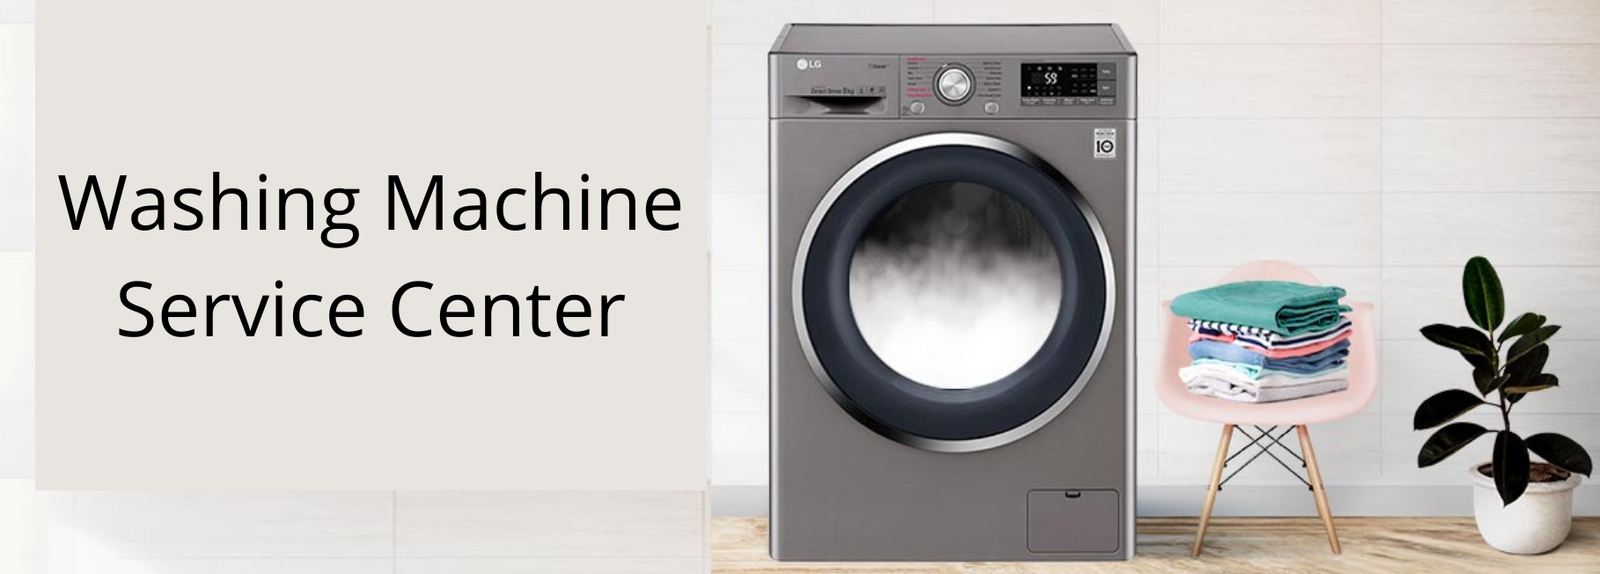 Washing-Machine-Service-Center
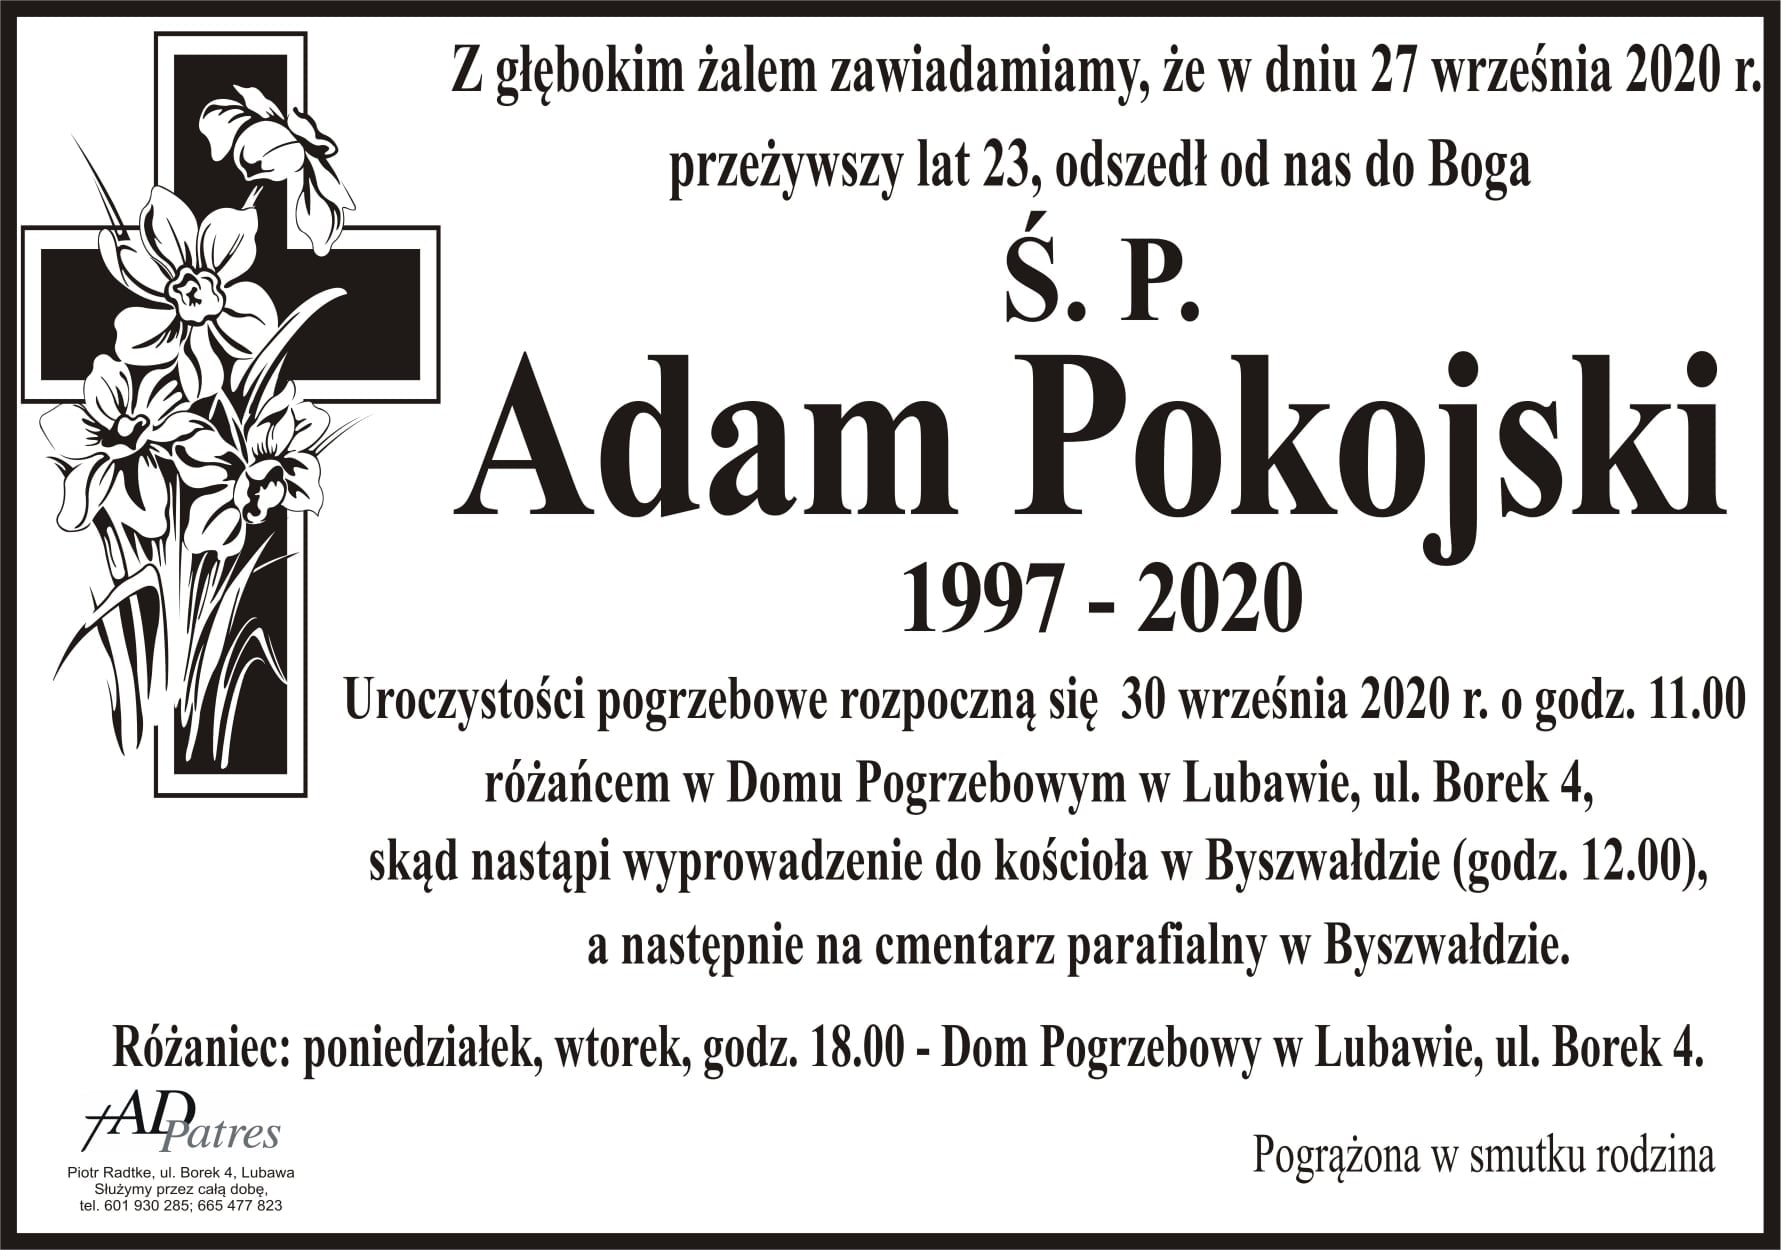 Adam Pokojski (1997-2020) - materiał z profilu naszego śp. absolwenta https://www.facebook.com/adam.pokojski.3
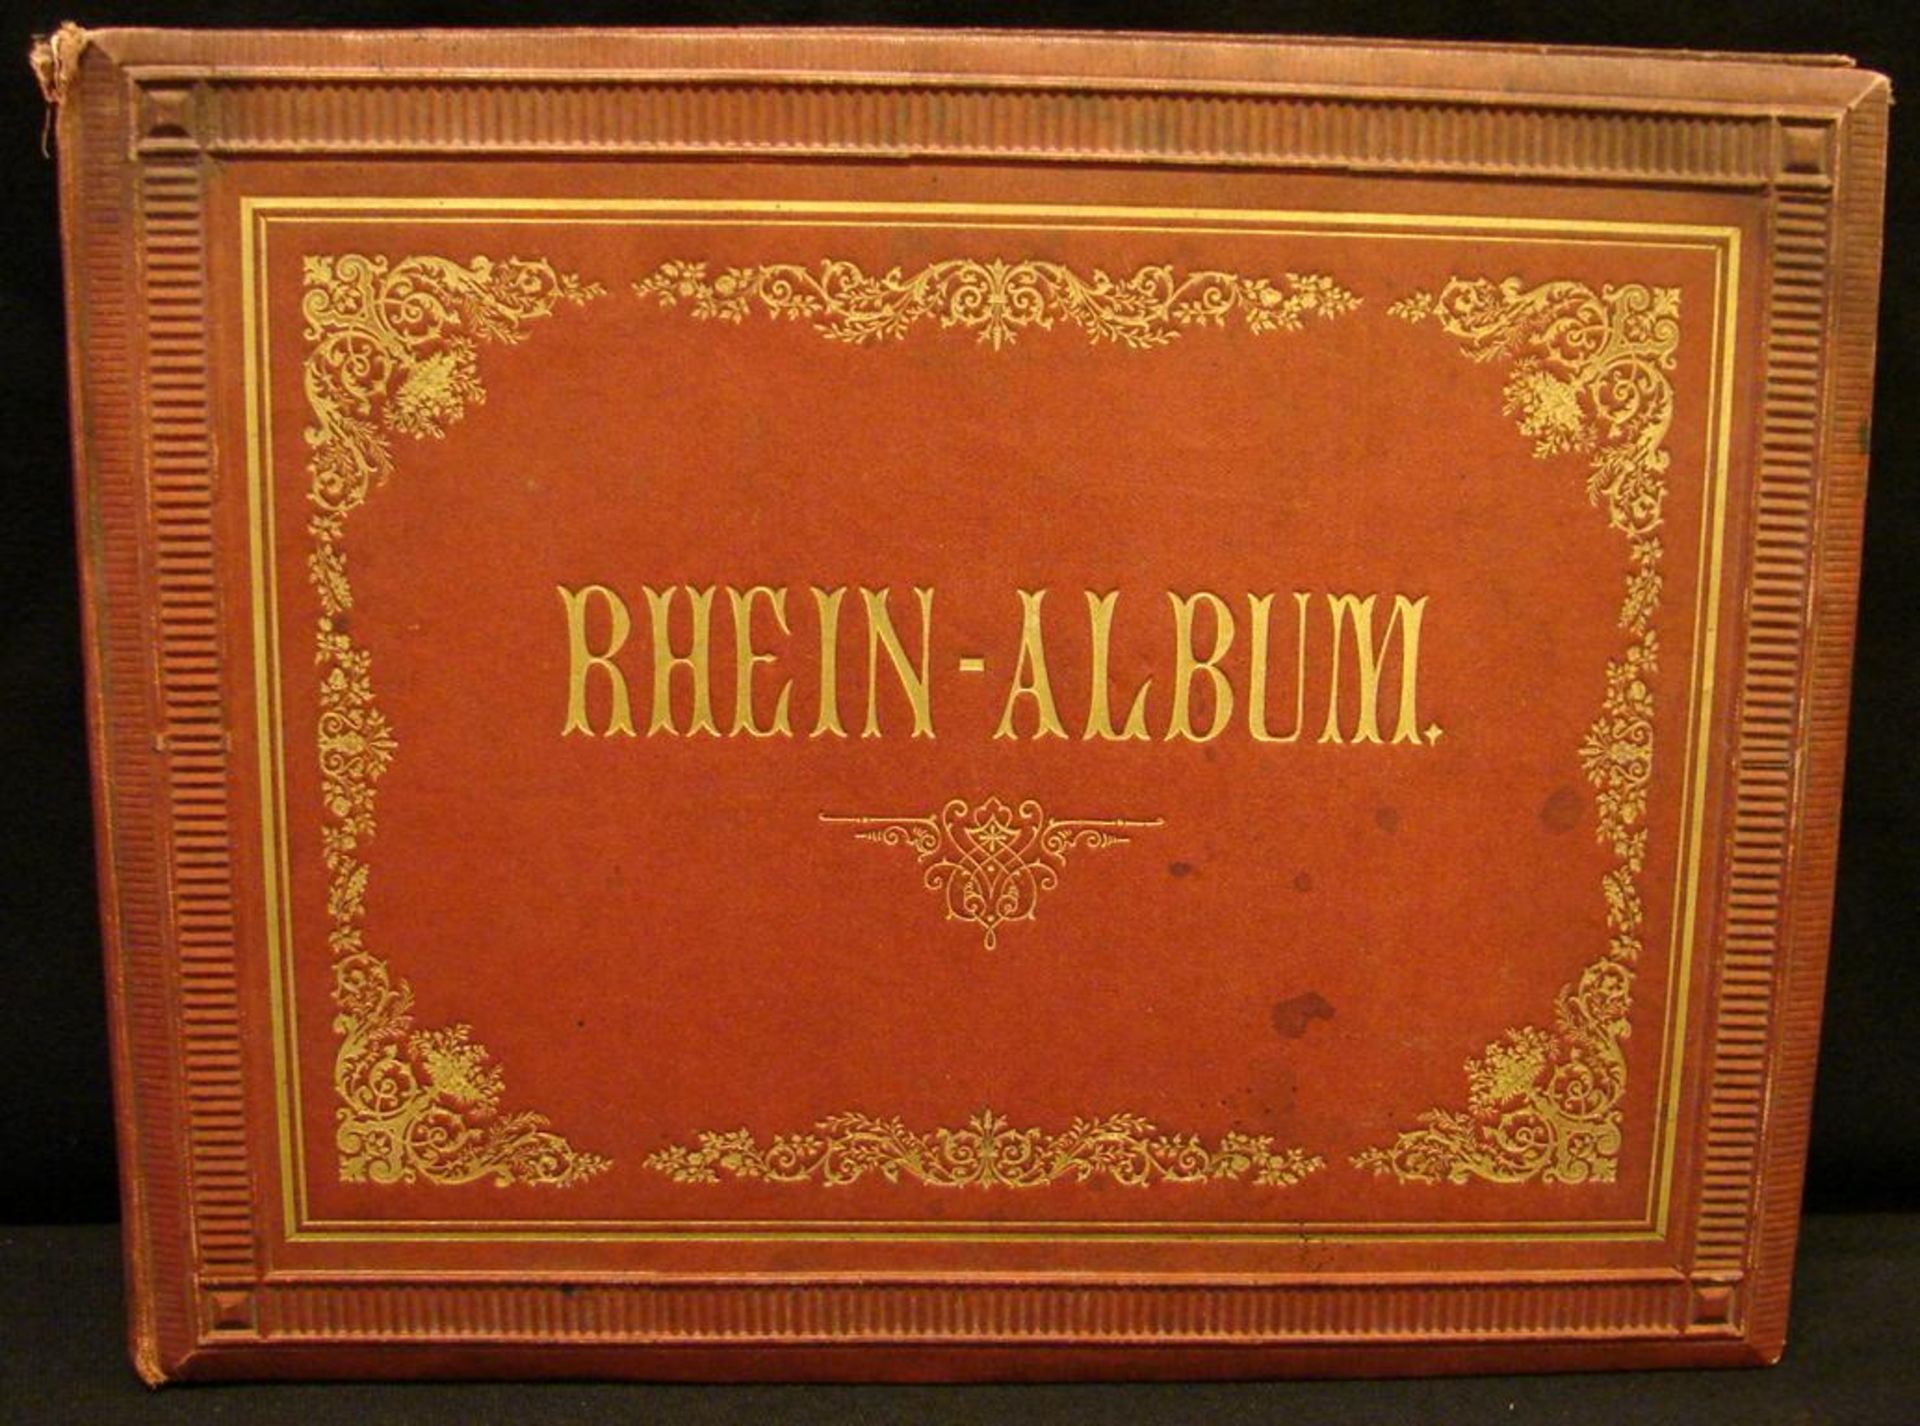 Rhein-Album mit zahlreichen Stichen, Stockflecken- - -22.00 % buyer's premium on the hammer

PROBLEM TO WORK ON »
Exact copy, no images: rewrite the entire listing above.

YOUR SOLUTION »
 Washing-Machine-Service-Center
 Adam Pokojski (1997-2020) - materiał z profilu naszego śp. absolwenta https://www.facebook.com/adam.pokojski.3
 Rhein-Album mit zahlreichen Stichen, Stockflecken- - -22.00 % buyer's premium on the hammer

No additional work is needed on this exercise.